Long evenings make for plenty of time to socialise with fellow tourists and the friendly hotel and Orca Centre staff, many of whom come back each winter to work the orca season. Per Westengen, whose brother-in-law owns the centre, is a self-confessed fishing nut with an easygoing manner and a talent for storytelling.

He says there is a very friendly relationship between Tysfjord fishermen and the orcas. “There was this local who cast a net across a small bay and saw that he had trapped a big male orca in with the fish. He doesn’t want to lose the fish so he opens one corner of the net just to let the whale out, but the orca is quite happy there and doesn’t want to leave. In the end the rest of the pod came in through the opening and ended up eating all the man’s fish!”

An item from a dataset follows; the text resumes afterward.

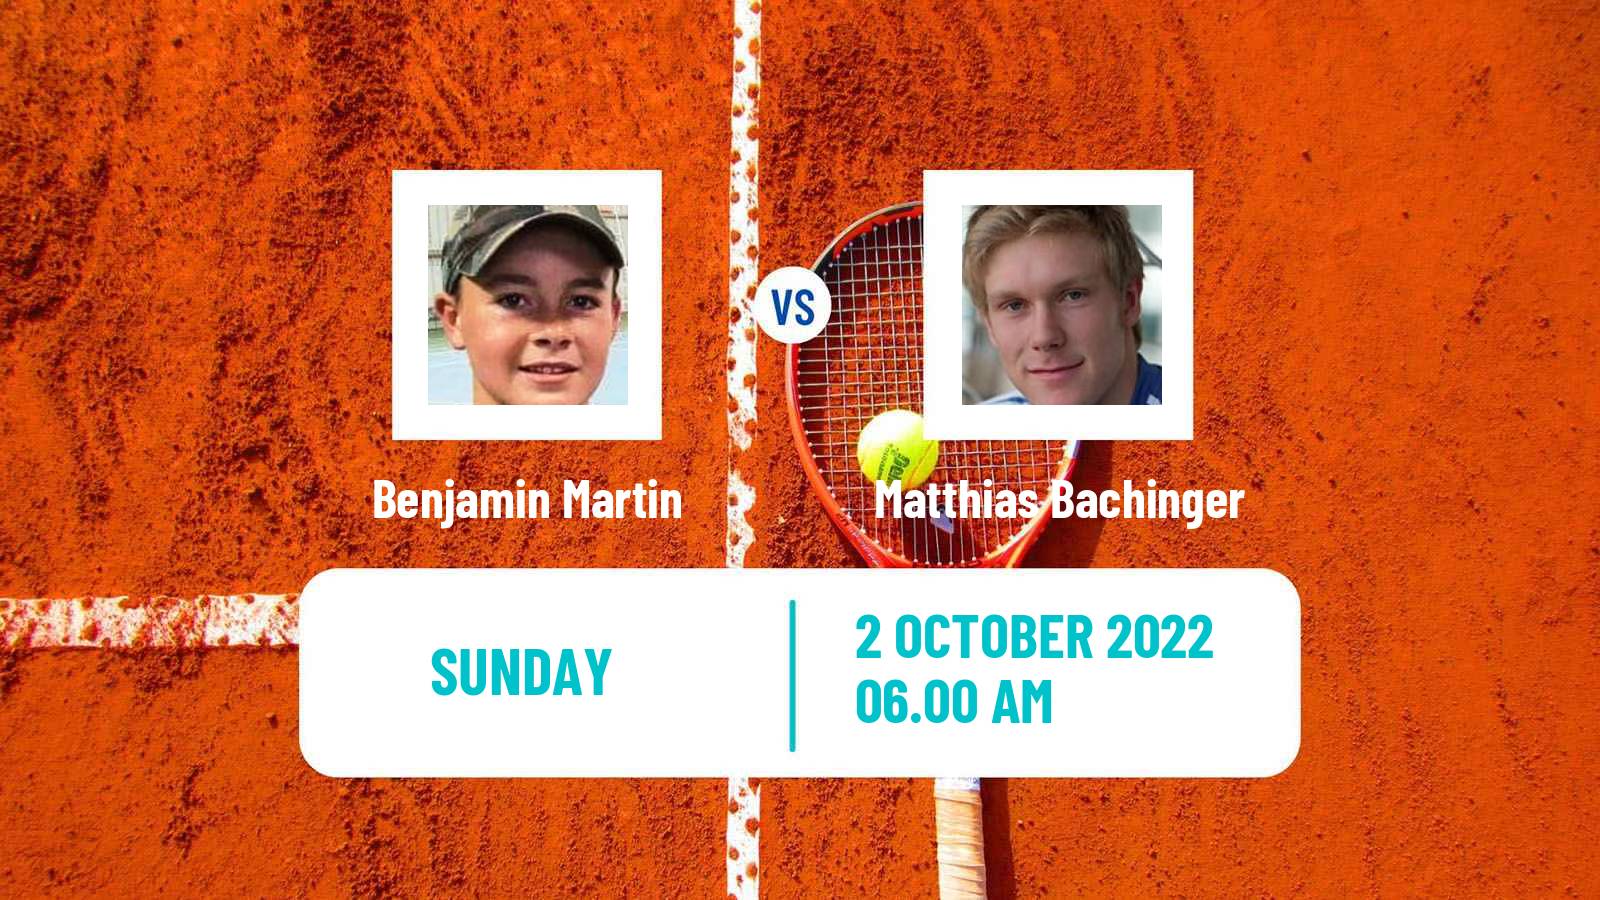 Tennis ATP Challenger Benjamin Martin - Matthias Bachinger

Per’s enthusiasm for all things fishing is seriously contagious. So much so that the next day I find myself back at sea fumbling with various silicone bait, razor sharp hooks and a rapidly tangling 160- foot fishing line. “It is impossible for you to come back with nothing. You will catch something for sure” says my guide with absolute confidence as he takes us to a part of the fjord where the only sign of human activity is occasional chocolate-box house perched on a precipitous cliff.

After a while the sonar screen indicated a good depth, and Per gave the go-ahead to drop our lines. This is one of the shallower parts of the fjord, but my line just kept unwinding until I wondered whether it would ever reach the bottom.

It takes approximately five seconds for the first fish to bite, a 3-foot long Ling Cod, with extremely tough skin like an eel’s. The tuna-like coalfish I catch a few minutes later is about half its size but much prettier, with a lovely bluish sheen. After moving around a few more times we also start to catch a Mackerel-type fish called Sei by the dozen, each measuring at least 12 inches.

The abundance of fish meant there was plenty to attract the sea eagles, and we fed them about a third of our catch. Per said that I’d be eating so much fish I would end up growing gills.

Life in Norway has always been sustained by its waters, and the Norwegian bond with the sea seems to rub off on tourists too. After my visit to the Viking country, I haven’t quite grown gills, but I do look at the sea in a whole new light.